Lamar, Archer & Cofrin, LLP v. Appling (In re Appling)
500 B.R. 246
Bankr. M.D. Ga.2013Background
- Plaintiff is a law firm that represented Defendant and his company in Georgia litigation and accumulated unpaid legal fees (≈ $66,710 by March 2005; $104,179.60 by March 2006).
- In March 2005 Defendant told Plaintiff his accountant prepared a 2004 tax return and he expected a >$100,000 refund and promised to use that refund to pay past and future fees if Plaintiff continued representation.
- Plaintiff relied on that promise, continued representation, and deferred collection; Defendant allegedly later received and spent the refund on his company.
- Plaintiff obtained a state-court judgment for unpaid fees and then sued in bankruptcy court under 11 U.S.C. § 523(a)(2)(A), alleging the debt arose from false pretenses/false representation (promise made without intent to perform).

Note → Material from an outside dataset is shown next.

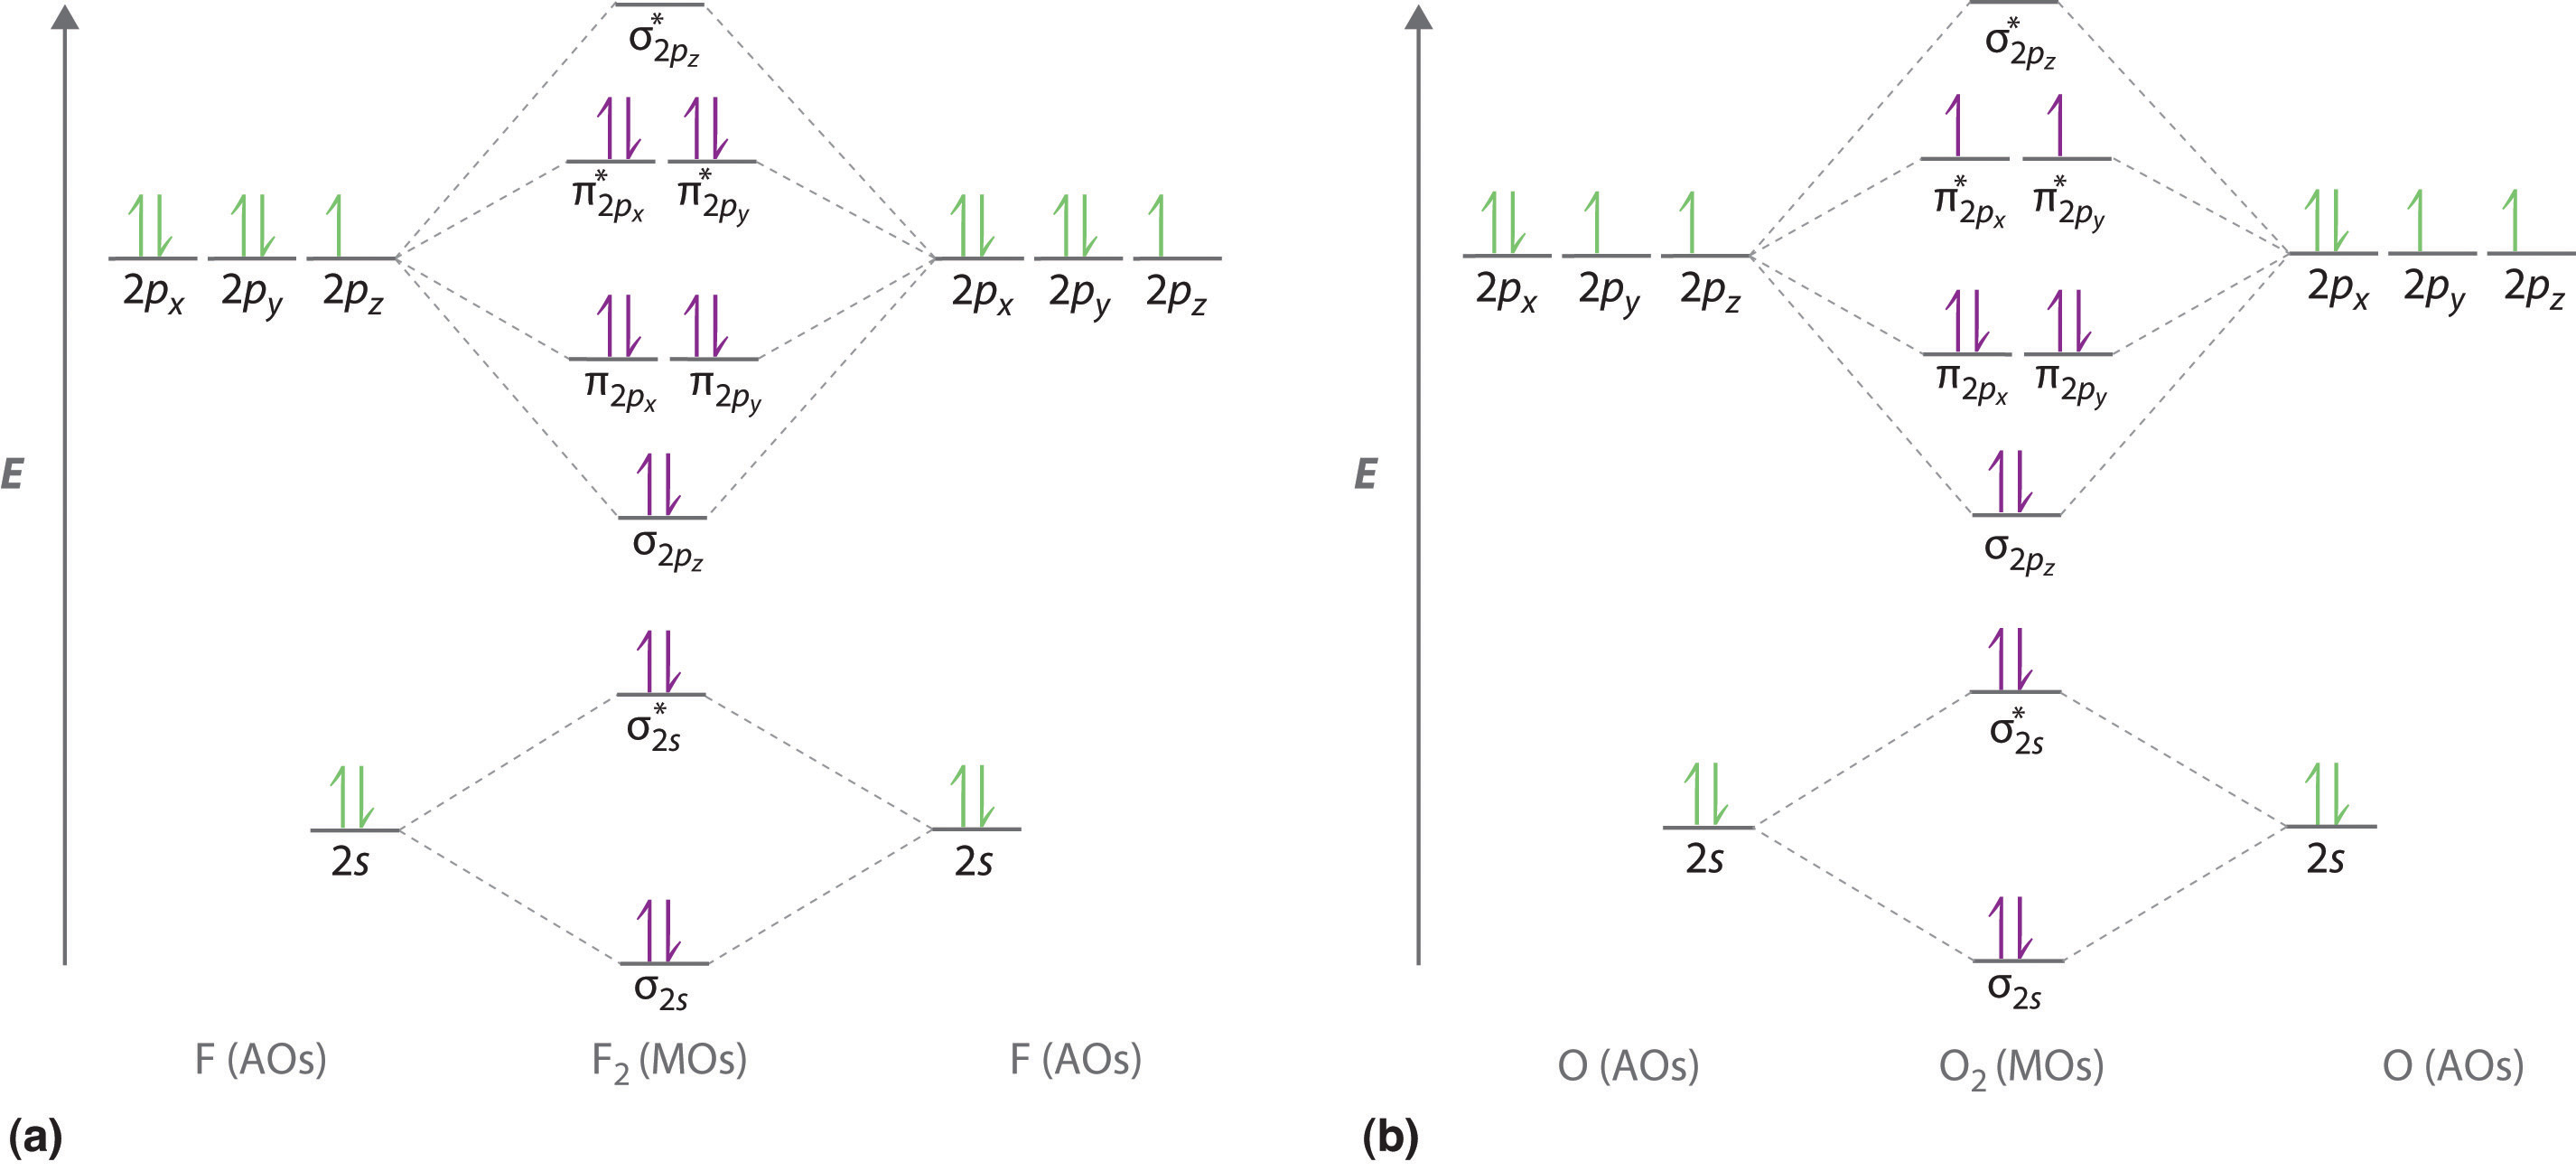 double bond electron dot diagram dimarzio hs3 wiring molecular geometry and covalent bonding models
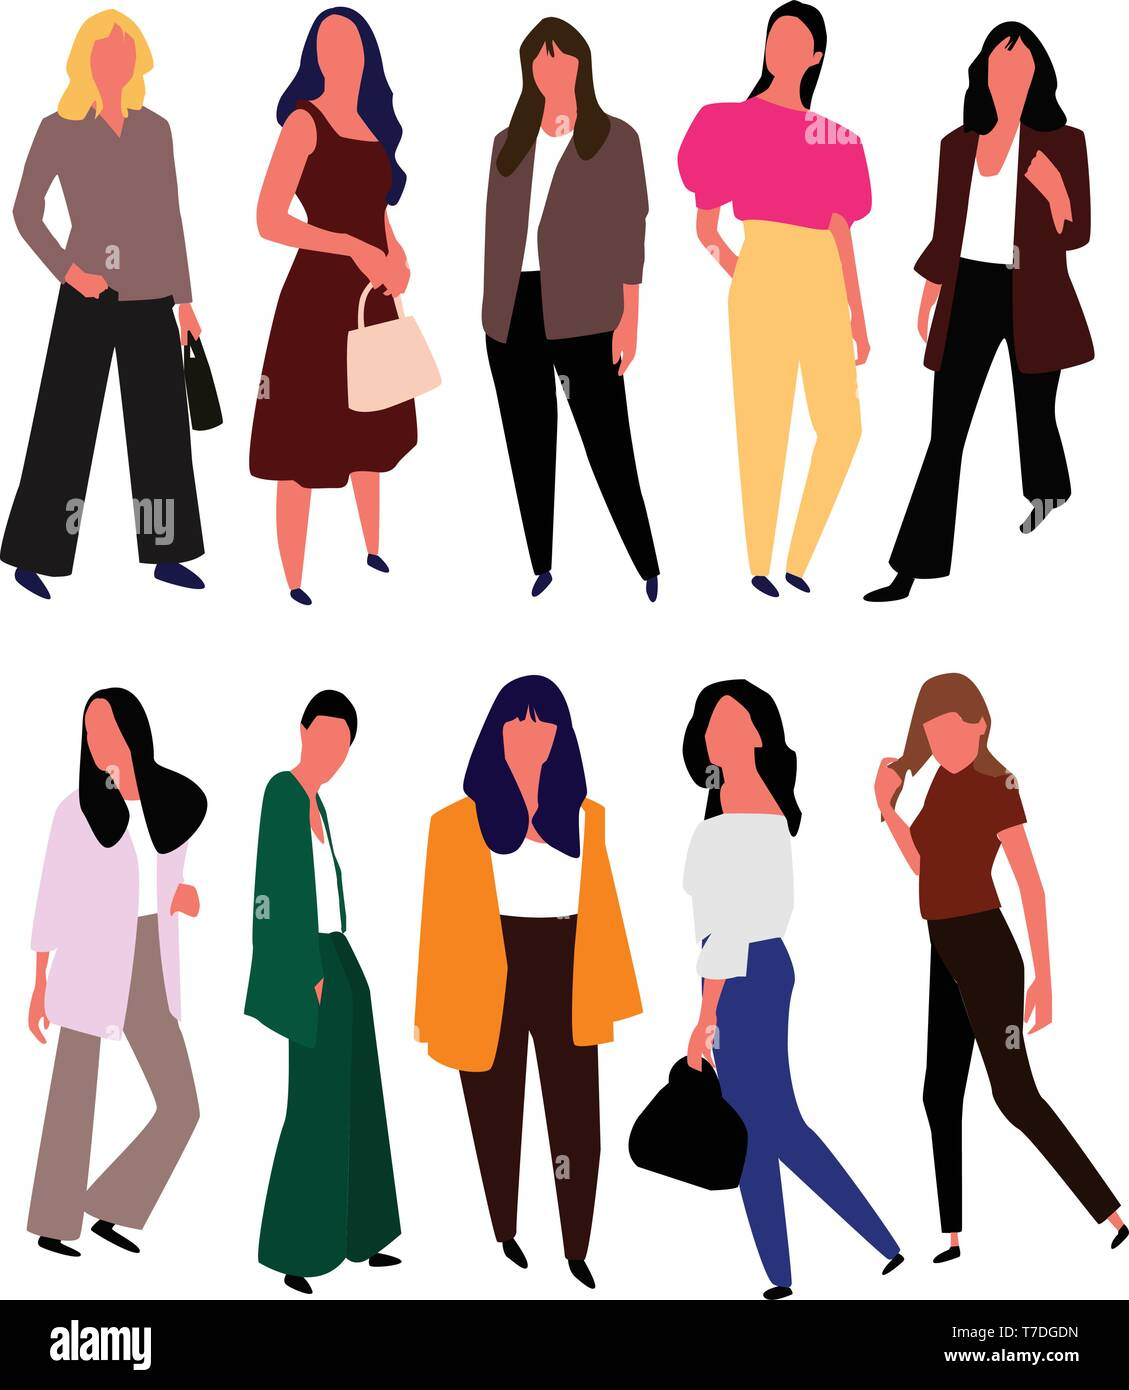 Schone Junge Frauen In Mode Kleidung Vektor Stock Vektorgrafik Alamy

- Defendant moved to dismiss under Rule 12(b)(6). The bankruptcy court evaluated pleadings under Iqbal/Twombly plausibility standards and denied the motion.
Issues
| Issue | Plaintiff's Argument | Defendant's Argument | Held |
|---|---|---|---|
| Whether an oral promise about using a specific tax refund is a “statement respecting the debtor’s financial condition” excluded from § 523(a)(2)(A) | The promise concerned a single asset and thus is actionable under § 523(a)(2)(A) | The promise concerned Defendant’s financial condition and thus must be in writing under § 523(a)(2)(B) | Court adopts the “strict interpretation”: isolated statements about a single asset are not statements of overall financial condition; claim under § 523(a)(2)(A) stands |
| Whether a promise to pay in the future can constitute actionable fraud under § 523(a)(2)(A) | Alleges Defendant never intended to perform when making the promise — that is a present misrepresentation of intent | A promise to do a future act is not an actionable misrepresentation | Court follows Allison: misrepresentation of present intent is actionable if debtor had no intent to perform; complaint plausibly alleges lack of intent |
| Whether Plaintiff justifiably relied on the oral promise | Plaintiff reasonably relied by continuing representation and forgoing collection after Defendant’s assurances | Plaintiff should have investigated tax return, refund amount, timing; reliance was not justifiable | Under Field v. Mans standard, pleadings sufficiently allege justifiable reliance for Rule 12(b)(6) purposes; dismissal denied |
| Extent of nondischargeable damages — limited to post-misrepresentation fees or includes preexisting fees | Fraudulent promise procured an extension/forbearance covering existing fees, so entire debt (including preexisting fees) may be nondischargeable | Plaintiff only can recover fees incurred after the March 2005 misrepresentation | Court holds extension/forbearance doctrine applies: fees outstanding at time of misrepresentation can be included as part of nondischargeable debt |
Key Cases Cited
- Ashcroft v. Iqbal, 556 U.S. 662 (U.S. 2009) (pleading standard — plausibility review under Rule 12(b)(6))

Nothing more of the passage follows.